As regards walking, say you usually walk for 30 minutes at a stretch. To add intervals, walk for five minutes to warm up. Then walk as fast as you can, or jog, for one minute. Go back to your usual pace, or even a bit slower, for three minutes. Repeat the fast walking and slower walking cycle five more times. Although the exercise session lasted 30 minutes, you burned more calories than you would have by walking continuously at the same speed. Of course, that is just a start. If you’re in fairly good shape, you can spend more time walking faster or jogging and less time walking or resting.

And if you’re a jogger, burst out into a sprint now and then. Or if you swim, alternate fast and slow laps. If you bicycle, sprinkle your ride with a few fast finishes.
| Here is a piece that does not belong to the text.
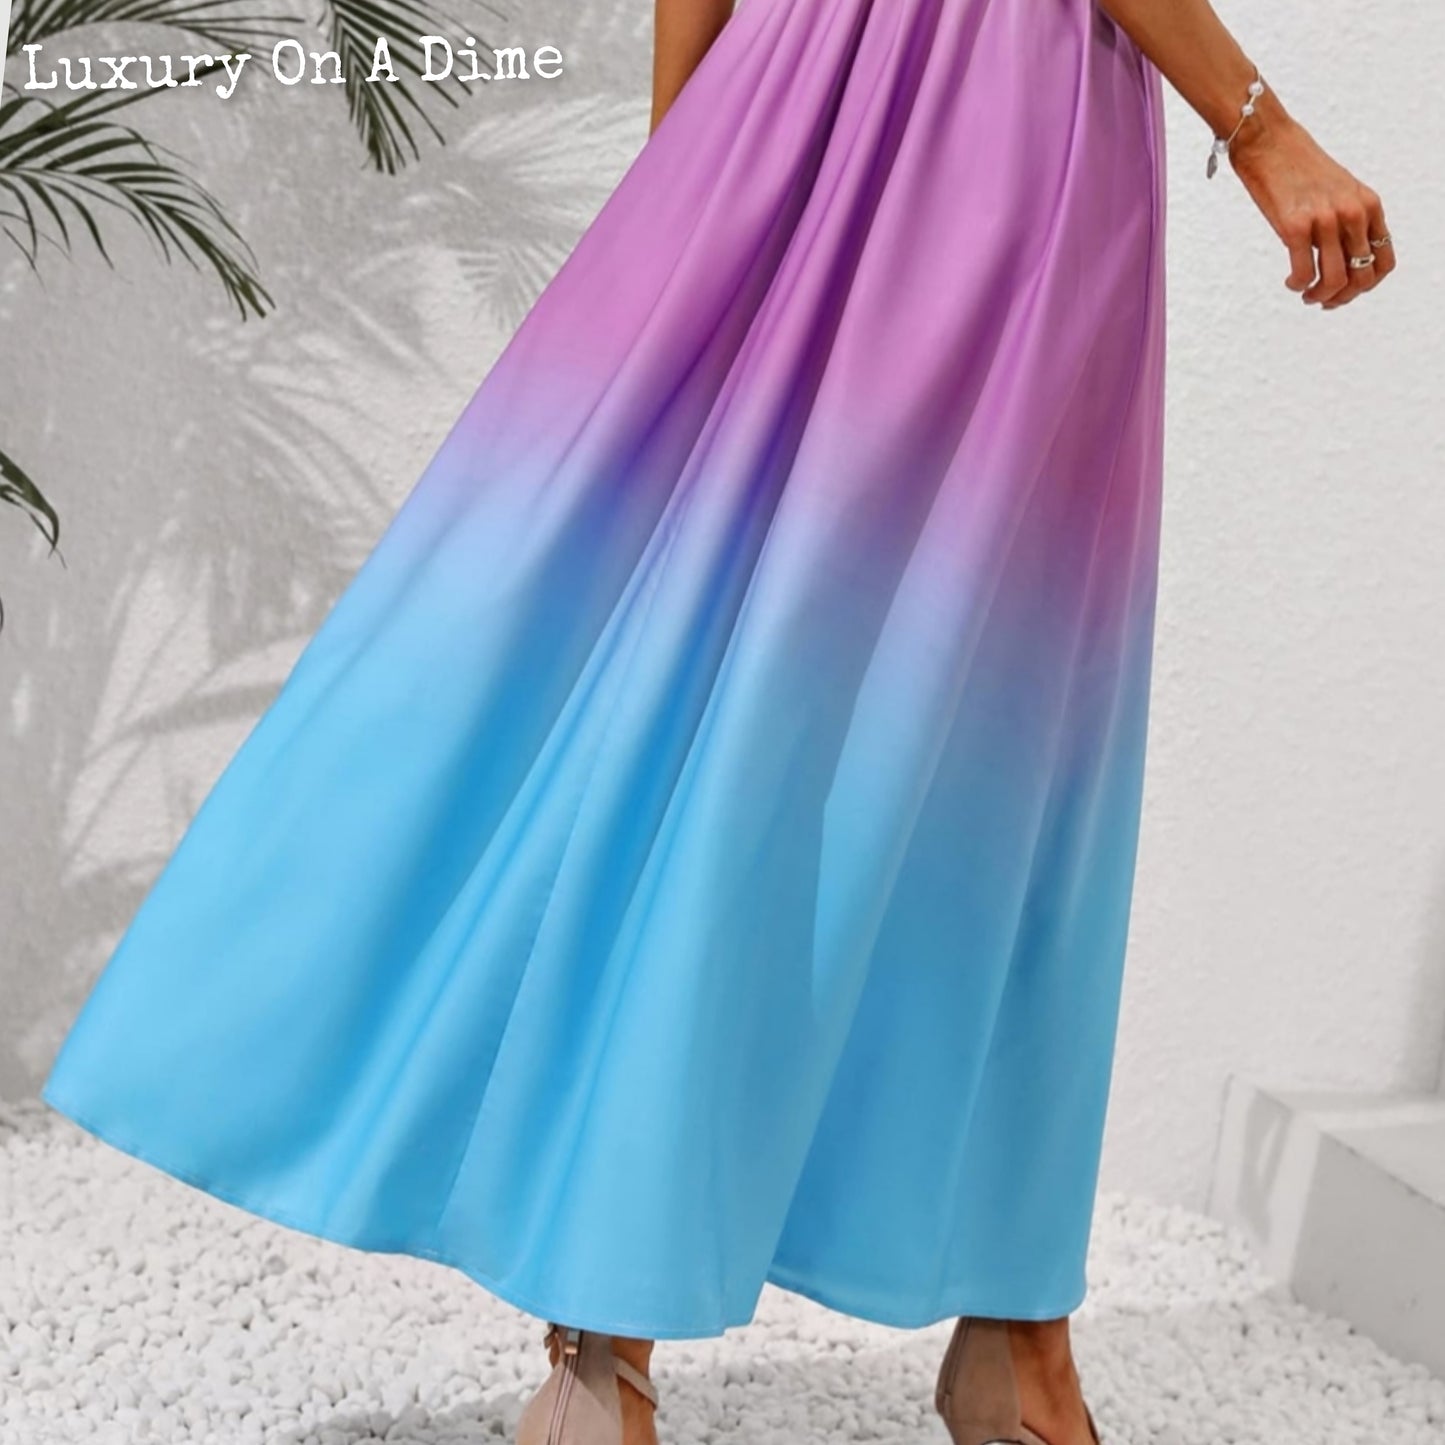 Colorful Ombre Rainbow Self-Tie Shoulder Smocked Bodice Summer Maxi Dress

Resistance Exercise Is Good Too

interval exercise strengthens your heart

To get the most out of exercise, put a little resistance in it by lifting weights, doing push-ups, or engaging in other muscle-building exercises. An update on resistance training, also called strength training, is a perfect mate for aerobic exercise for healthy folks and those with heart disease. In addition to strengthening the heart, resistance training builds bone, helps prevent falls, and makes it easier to do everyday tasks like getting dressed and carrying groceries. Then again in whatever you do, introduce rest time in between.

Plan What Works For You

how interval exercise strengthens your heart

There is no single formula for how long and how hard to exercise or how long and how often to rest. You can set the intervals based on how you feel on a particular day. The main rules that apply are:

  • The high-intensity bursts should last long enough and be energetic enough that you are out of breath. If you monitor your heart rate, it should be more than 80% of your maximum heart rate.
  • Rest periods should be long enough that you are ready to go again. But not so long that your heart slows to its resting rate.
  • Warm up before exercising and cool down afterward.
  • Don’t do interval exercise in the next few days. Let your muscles recuperate in between. Two or three times a week is ideal.

Bottom Line

While exercise adds health benefits beyond what pills alone can achieve, what works for healthy people, may not be best for those affected by heart failure. For example, walking is often perceived as the best cardiovascular exercise. Anyone can do it. It doesn’t need any special equipment. It’s easy on your knees and other joints. It strengthens the heart and lungs and improves the function of blood vessels. That said, interval exercise is not for everyone. Revving the heart rate way up could provoke cardiac arrest or other disasters in people at risk for them. So if you have heart disease, high blood pressure, or other risk factors, check with your doctor before you start interval exercise.